Genres of Captivity: Gender, Punishment and Carceral Modernity in Egypt
- Date: March 14th, Tuesday, 2023, 16:00 – 17:30
- Location: Room 304, SNUAC (Bldg. 101)
Accounts of modern Egyptian history are rife with movements and states mounting claims and counterclaims to power, sovereignty, and freedom. Prisons are central to this history. Indeed, no history of 20th century Egypt is free of: “large waves of arrests”, “imprisoned intellectuals”, “great repression campaigns”, and so on. But rarely do they follow up: and then what? Yet power contestation does not cease at the moment of arrest; life does not end at the prison’s gates. That is, prisons do not spell the death of politics or, even necessarily, of bodies. If anything, the space of the prison was a pivotal site of subject formation, power contestation and cultural production in Egypt and across the postcolonial Middle East. Prisons, then, might be reconstrued alongside such spaces as the coffeehouse and the mosque as spatial anchors of Middle East history. So what do prisons do? What kind of social and political order do they produce and reproduce? Much is made and unmade in prison: political subjectivities, networks and organisations, cultural production, disciplinary regimes, hegemonic orders and normative genders. Carcerality is productive of self, society and state. This talk will explore the relationship between carceral modernity and wider gender regimes in Egypt.

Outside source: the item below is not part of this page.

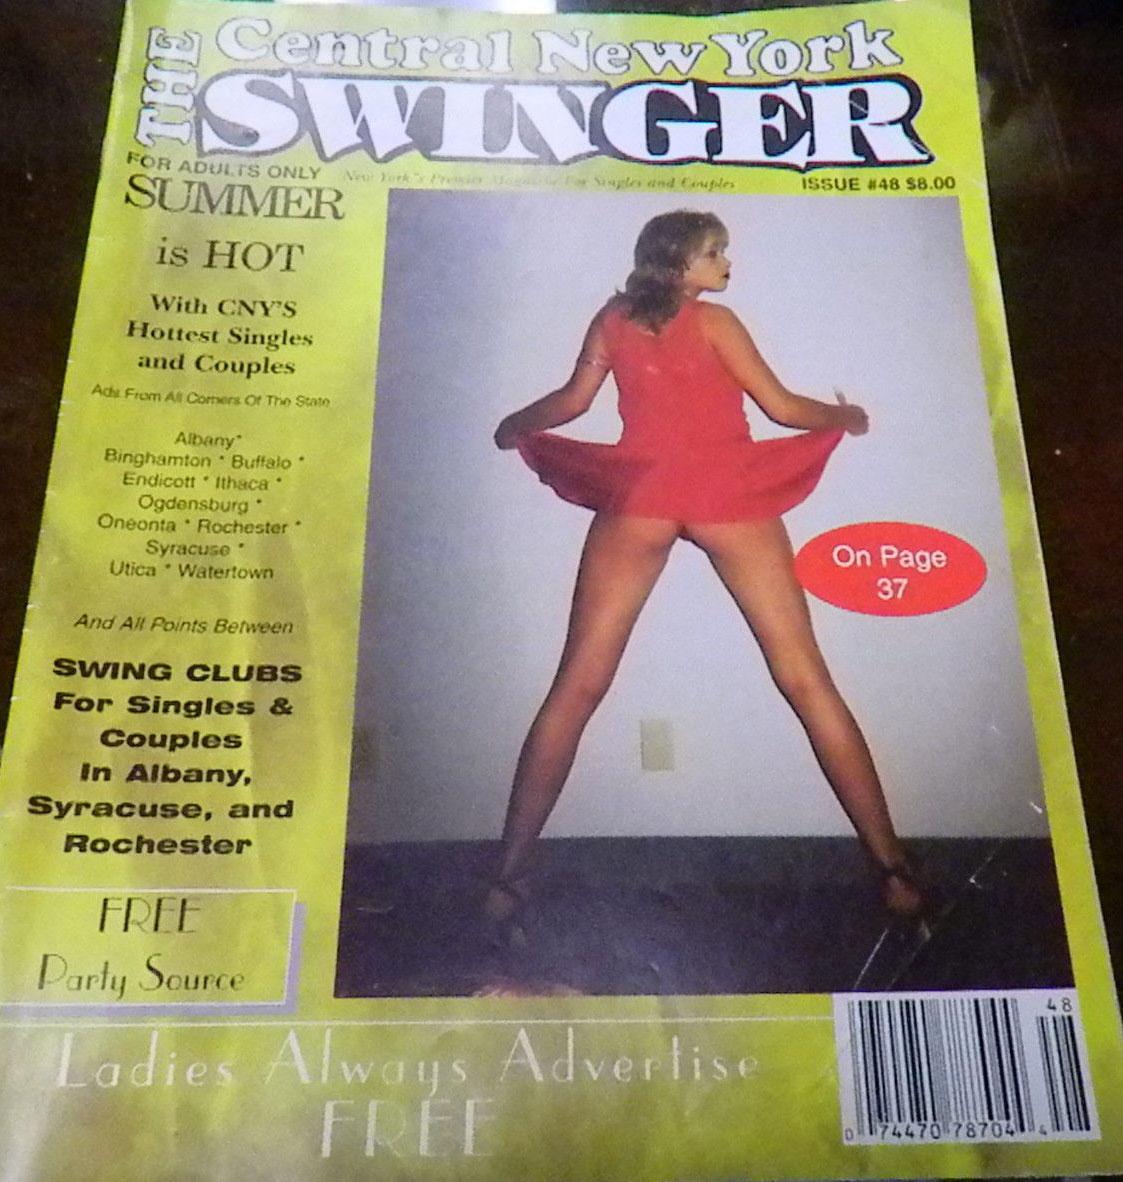 Central New York Swinger # 48 Magazine NY Swinger # 48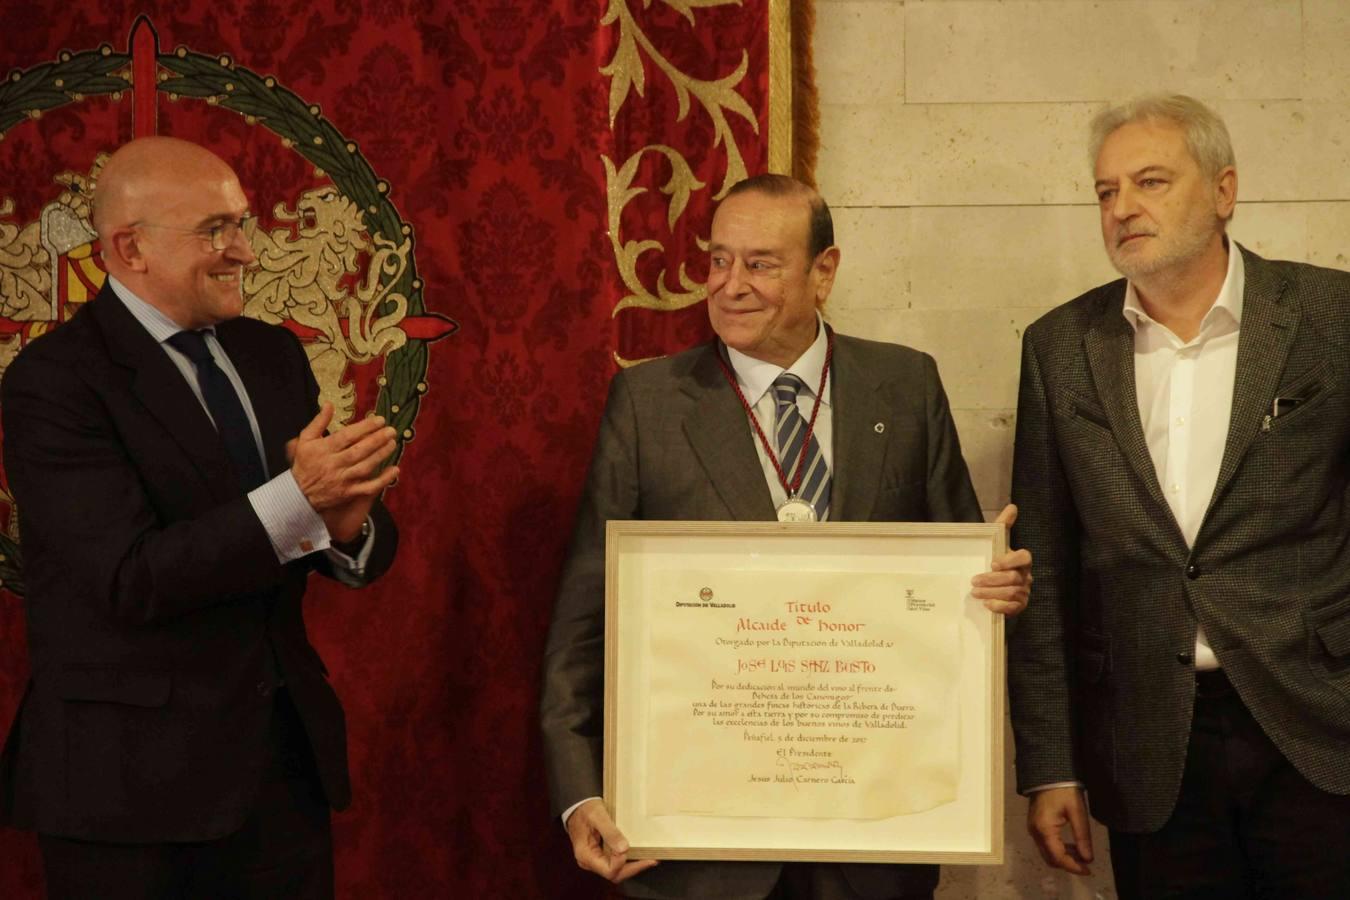 José Luis Bonet, Ruth Beitia y José Luis Sanz Bustos, nuevos Alcaides de Honor del Museo Provincial del Vino 2017

Hannah Elsisi is a social, intellectual and gender historian of the modern Middle East and North Africa in the world. Her research and teaching focus on global histories of gendered, carceral and capitalist regimes of power, mobility and subjectivity. Hannah is Assistant Professor of History and Gender Studies at New York University Abu Dhabi and visiting Senior Research Fellow at the Department of Political Economy, King’s College London. Before that she was Assistant Professor in Middle East History at King’s College London (2018-2020) and took her PhD from the History Faculty at Oxford (Merton College) in 2020. Her thesis was awarded the Malcolm Kerr and Leigh Douglas awards for best dissertation in Middle East Studies by MESA and BRISMES respectively. On completing her PhD in 2020 she joined Pembroke College, University of Cambridge, where she remains a fellow and an affiliate assistant professor in the History faculty and advisory board member at the Centre for Gender Studies. Hannah is an elected member of BRISMES’ committee on academic freedom. Publications include ‘They Threw Her in with the Prostitutes” Genre et Histoire, 2020 and “The Man and the Ant” JMEWS, 2023 and, forthcoming, Lovers in the Citadel: Prisons and Other Architectures of Subjection in Egypt and Behind the Sun: Prison Writing in an Egyptian Century.